*** Block opens ***

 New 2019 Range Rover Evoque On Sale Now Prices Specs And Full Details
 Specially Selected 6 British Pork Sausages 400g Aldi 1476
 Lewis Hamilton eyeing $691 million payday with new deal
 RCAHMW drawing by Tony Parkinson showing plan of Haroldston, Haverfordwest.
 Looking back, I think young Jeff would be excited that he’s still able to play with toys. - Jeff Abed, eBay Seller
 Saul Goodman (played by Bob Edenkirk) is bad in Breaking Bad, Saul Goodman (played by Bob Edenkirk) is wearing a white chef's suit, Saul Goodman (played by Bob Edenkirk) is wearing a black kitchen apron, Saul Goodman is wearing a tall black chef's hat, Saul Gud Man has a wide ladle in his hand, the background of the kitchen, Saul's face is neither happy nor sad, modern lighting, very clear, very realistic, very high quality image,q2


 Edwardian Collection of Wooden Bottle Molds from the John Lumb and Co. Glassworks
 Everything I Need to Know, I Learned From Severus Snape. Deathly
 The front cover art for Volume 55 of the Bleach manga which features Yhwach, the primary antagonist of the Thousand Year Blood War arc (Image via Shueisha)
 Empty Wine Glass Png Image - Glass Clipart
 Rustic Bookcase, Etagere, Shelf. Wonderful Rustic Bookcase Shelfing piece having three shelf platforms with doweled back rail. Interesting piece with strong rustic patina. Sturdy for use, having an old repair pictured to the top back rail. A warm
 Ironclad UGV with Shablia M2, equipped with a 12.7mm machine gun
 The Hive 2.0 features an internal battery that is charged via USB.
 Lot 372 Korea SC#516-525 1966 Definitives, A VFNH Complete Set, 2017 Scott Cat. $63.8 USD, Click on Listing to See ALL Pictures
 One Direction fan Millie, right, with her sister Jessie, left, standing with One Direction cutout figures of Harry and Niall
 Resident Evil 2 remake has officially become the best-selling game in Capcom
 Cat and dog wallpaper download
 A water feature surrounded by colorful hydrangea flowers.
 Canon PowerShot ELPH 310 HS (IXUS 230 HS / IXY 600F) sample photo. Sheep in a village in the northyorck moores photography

*** Block closes ***

## Goal of the exercise
Copy, from the lines above, each one that holds "features".

## Result of the task
 The front cover art for Volume 55 of the Bleach manga which features Yhwach, the primary antagonist of the Thousand Year Blood War arc (Image via Shueisha)
 The Hive 2.0 features an internal battery that is charged via USB.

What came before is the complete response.